Die höchste Signifikanz wies die Frage ‚Wurde bei Ihrem Kind eine vergrößerte Leber und/oder Milz festgestellt?‘ auf. Es ist zu beachten, dass für diese Frage nur die Antwortmöglichkeiten

‚ja’ oder ‚nein’ zur Verfügung standen. Es ist anzunehmen, dass hierdurch eine bessere Trennschärfe der Antworten erreicht werden konnte, was die Signifikanz der Frage gegebenenfalls erhöhte. Der fehlerhaft klassifizierte Fragebogen mit der Diagnose ‚MPS IV’

wies sowohl für die Entwicklungsverzögerung als auch für die Hepatosplenomegalie eine negative Antwort auf. Da jedoch die überwiegende Zahl der Teilnehmer mit der Diagnose

‚MPS’ im Training diese Fragen positiv beantwortet hat, ist es wahrscheinlich, dass der Fragebogen mit der Diagnose ‚MPS IV’ unter anderem aus diesen Gründen fehlerhaft klassifiziert wurde. Eine Ergebnisoptimierung könnte durch die Erweiterung des Trainingsdatensatzes einschließlich der Diagnose ‚MPS IV’ erreicht werden.

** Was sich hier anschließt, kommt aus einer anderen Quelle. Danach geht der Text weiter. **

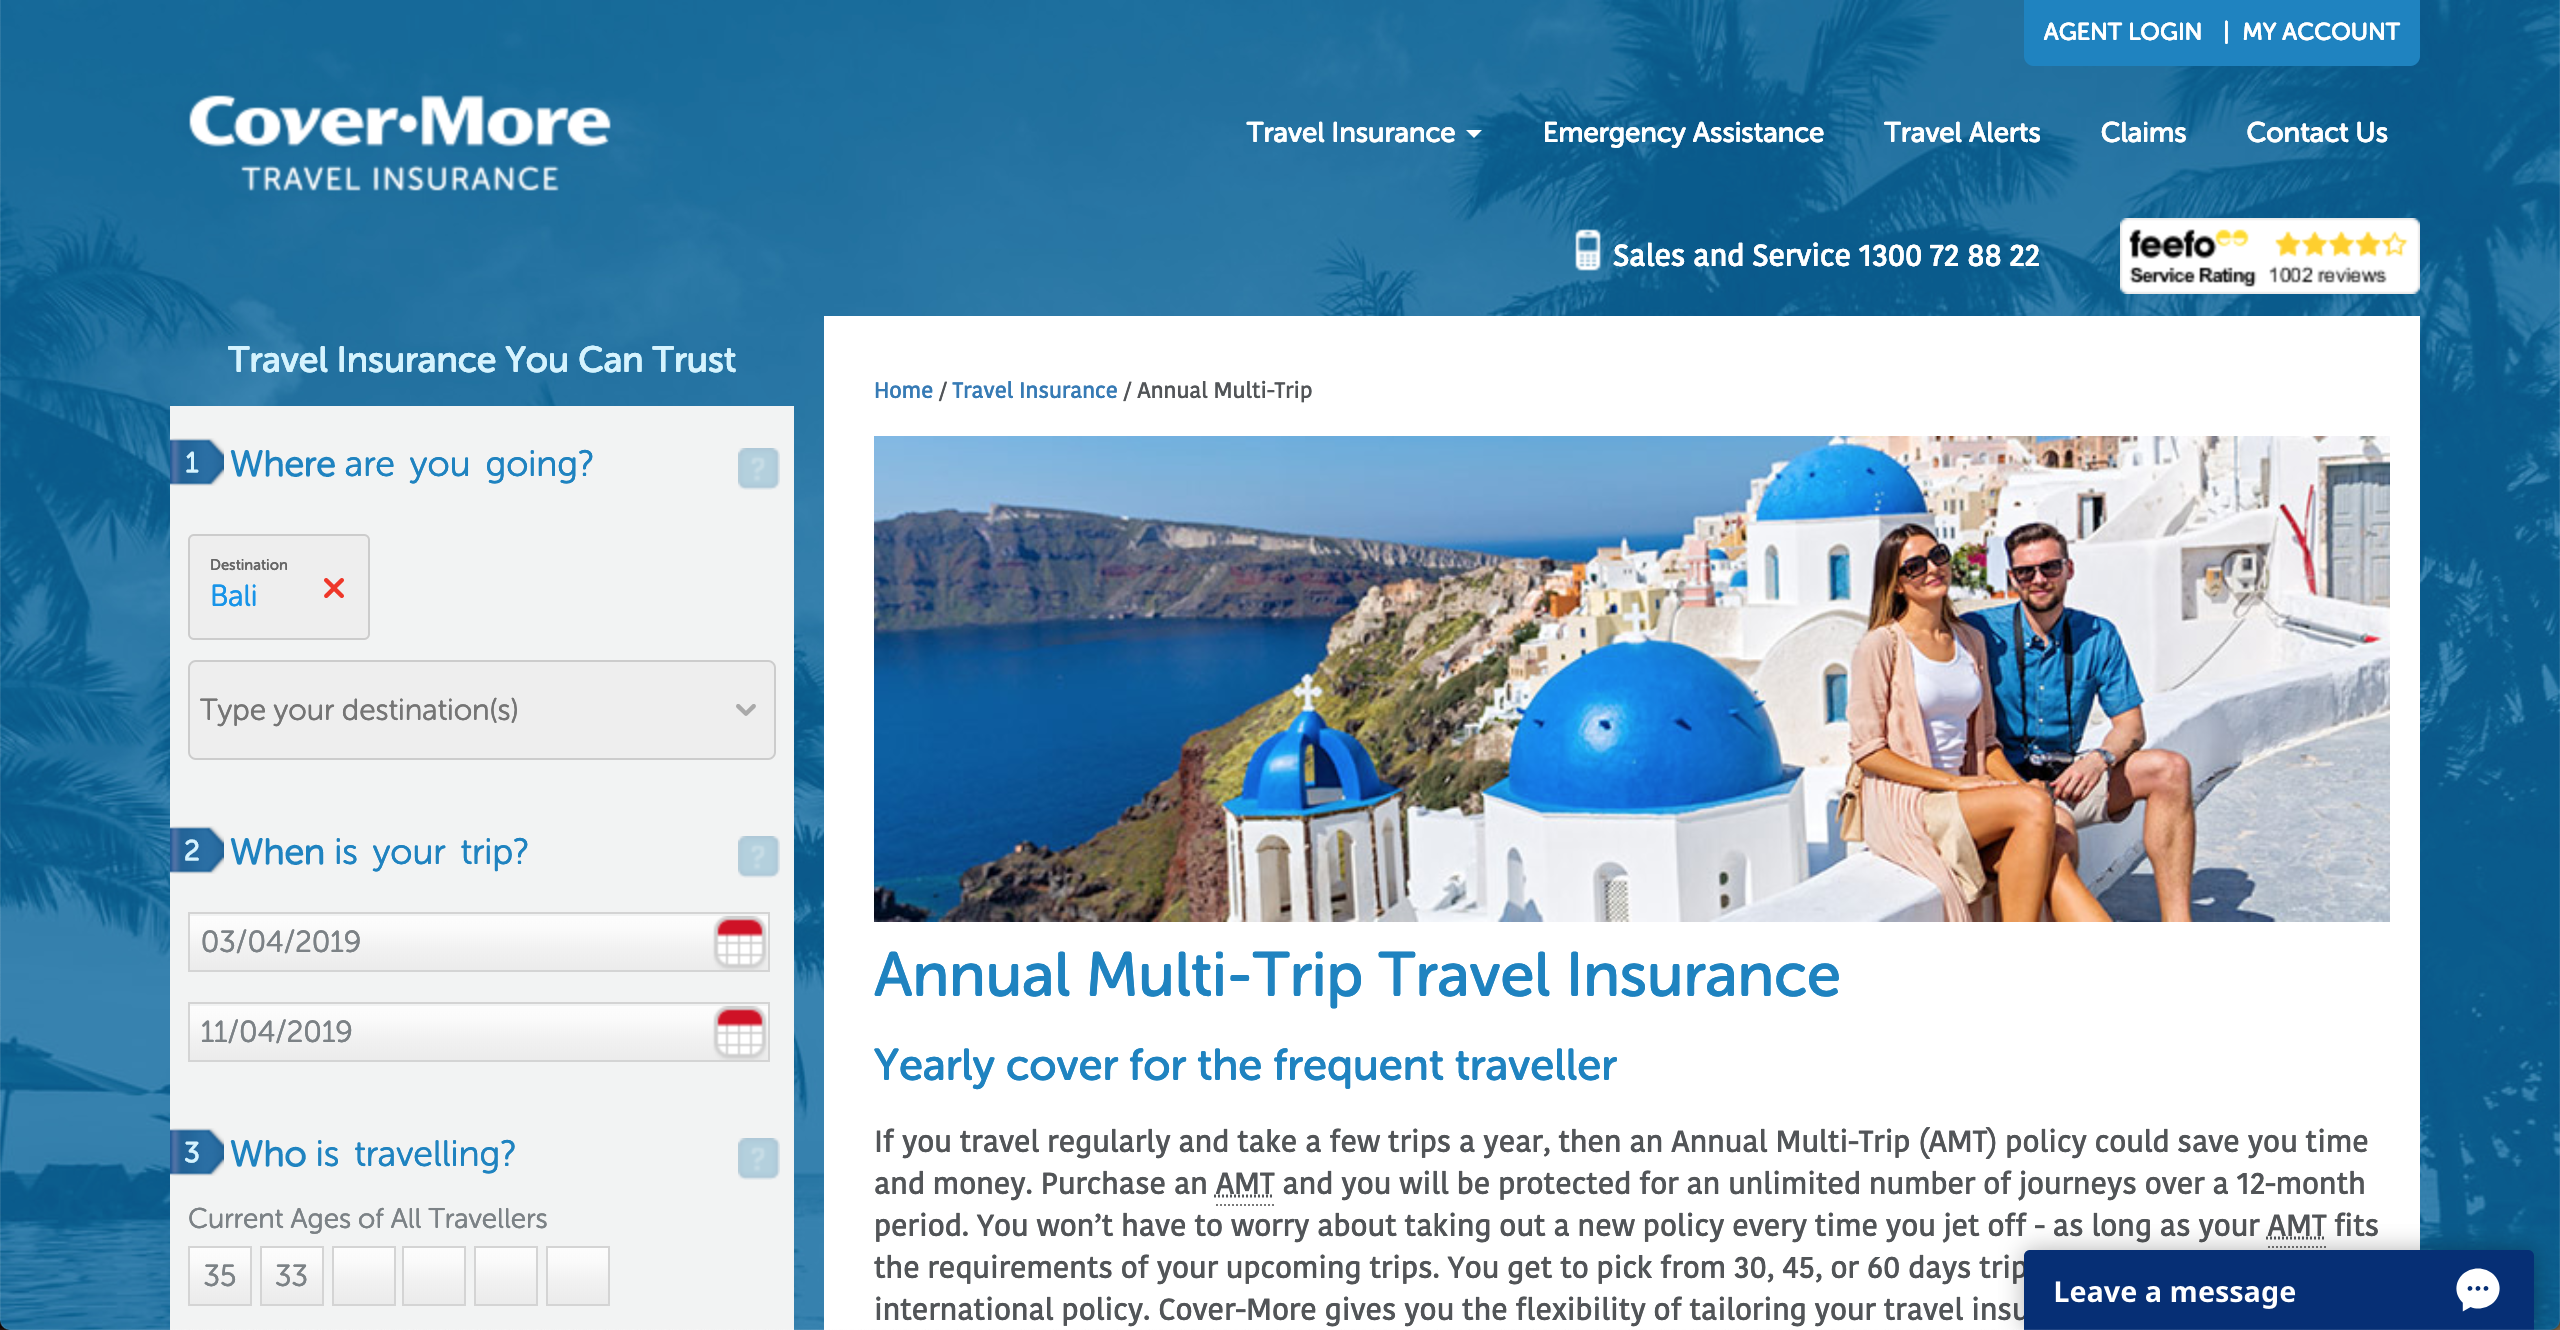 covermore travel insurance news
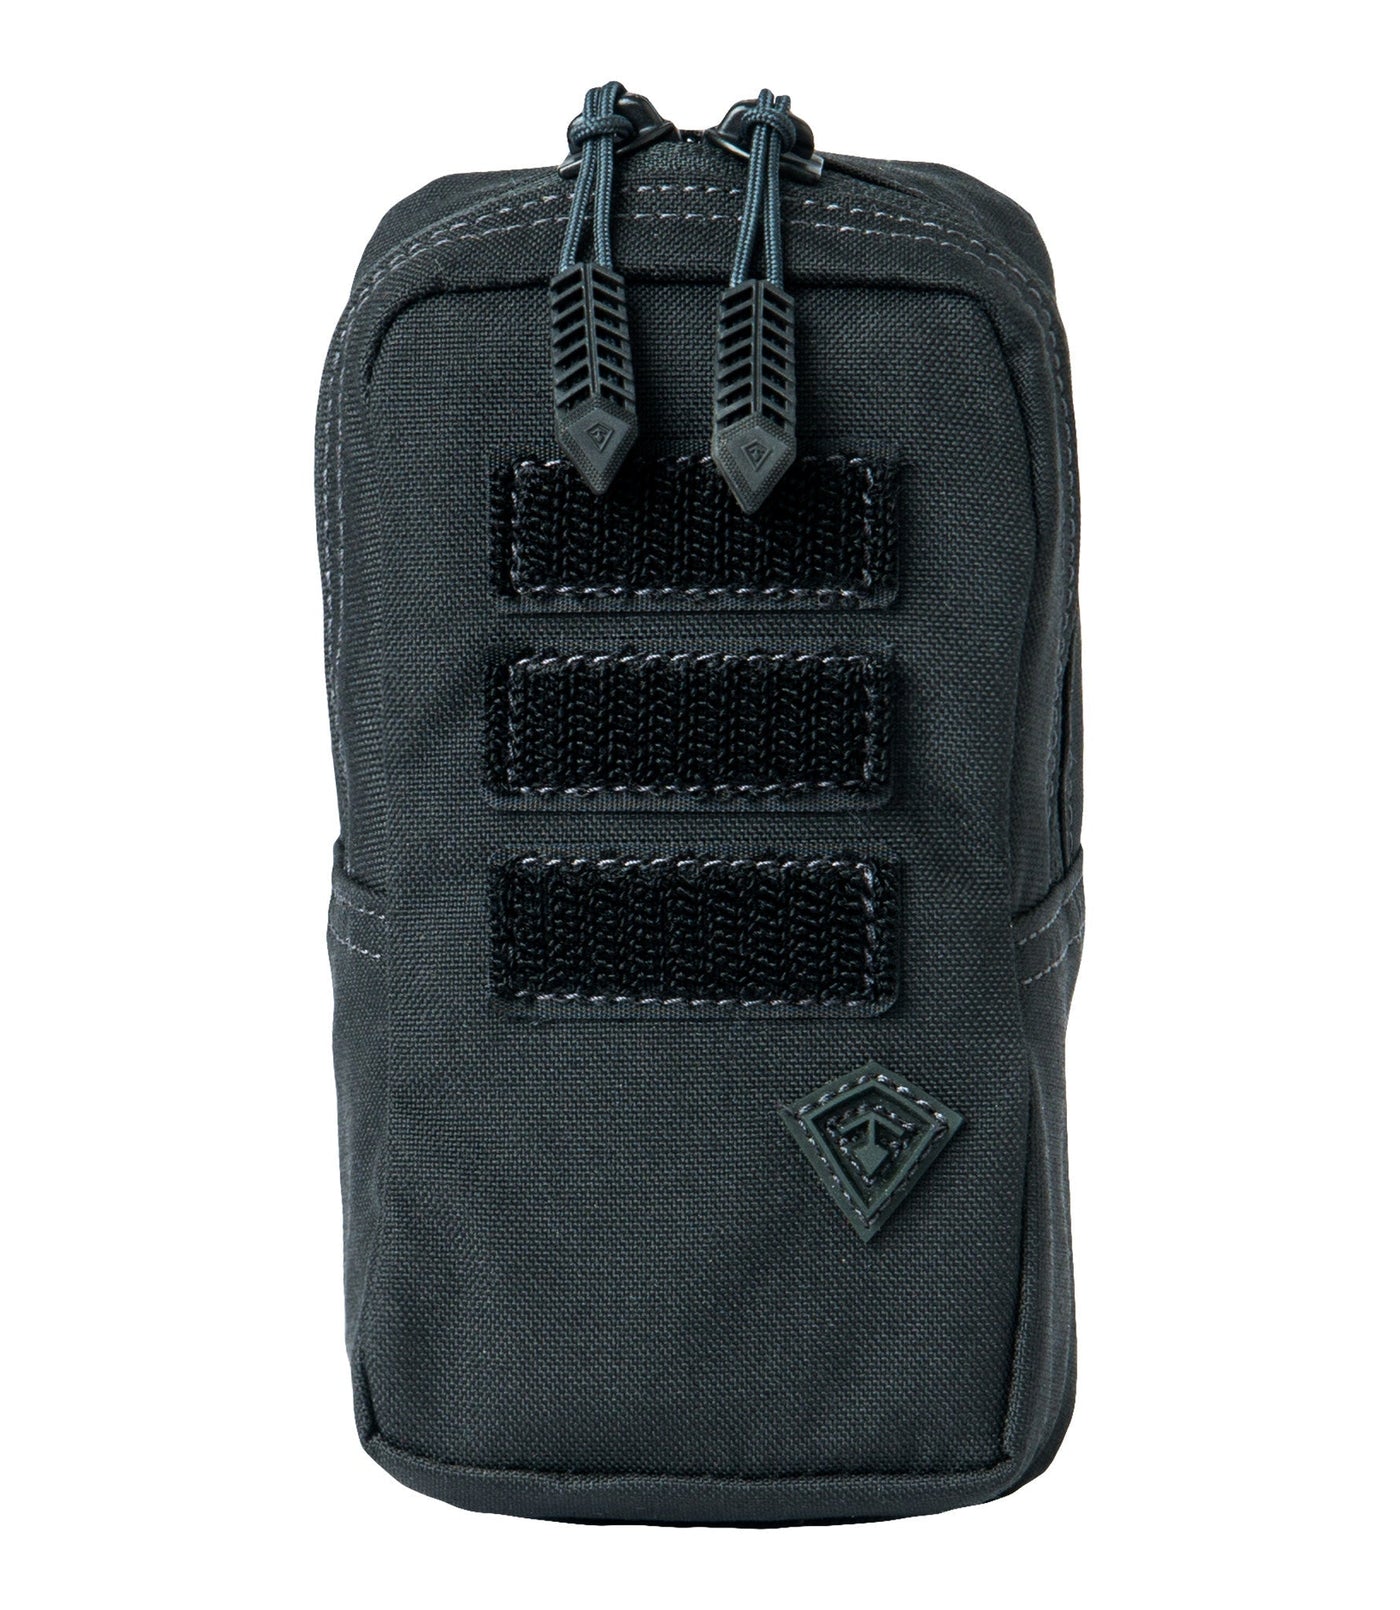 Front of Tactix Series 3x6 Utility Pouch in Black

Ein zweiter Fragebogen mit der Diagnoseangabe ‚Multiple kartilaginäre Exostosen’ wurde vom System als Diagnose ‚MPS’ fehlerhaft klassifiziert. Dies kann beispielsweise darin begründet sein, dass die Beantwortung der Fragebogen unter anderem von der persönlichen und differenzierten Sichtweise der Befragten abhängt. Die Beantwortung von signifikanten Fragen wie ‚Haben Sie das Gefühl, dass Ihr Kind „anders“ ist als andere Kinder?’ und ‚Bedrückt Sie starke Ungewissheit bezüglich der Gesundheit Ihres Kindes?’ steht in engem Zusammenhang mit der individuellen Wahrnehmung des Beantwortenden. So kann es sein, dass Eltern deren Kinder an der Diagnose ‚Multiple kartilaginäre Exostosen’ leiden, ebenfalls der Meinung sind, dass ihre Kinder ‚anders’ als andere sind und unter der ‚Ungewissheit’, die diese Erkrankung mit sich bringt, leiden. Die Diagnose ‚Multiple kartilaginäre Exostosen’ gehört zu den seltenen Erkrankungen, weshalb es empirisch nachvollziehbar ist, dass sich die Wahrnehmungen der von dieser Krankheit betroffenen Familien durchaus mit der Wahrnehmung von Betroffenen mit einer LSD überschneiden können. Die vorliegende Fehlklassifikation zeigt die Grenzen des entwickelten Systems auf, wobei auch hier die Wahrscheinlichkeit auf eine Minimierung der Fehlklassifikationen durch eine Erweiterung des Trainingsdatensatzes besteht.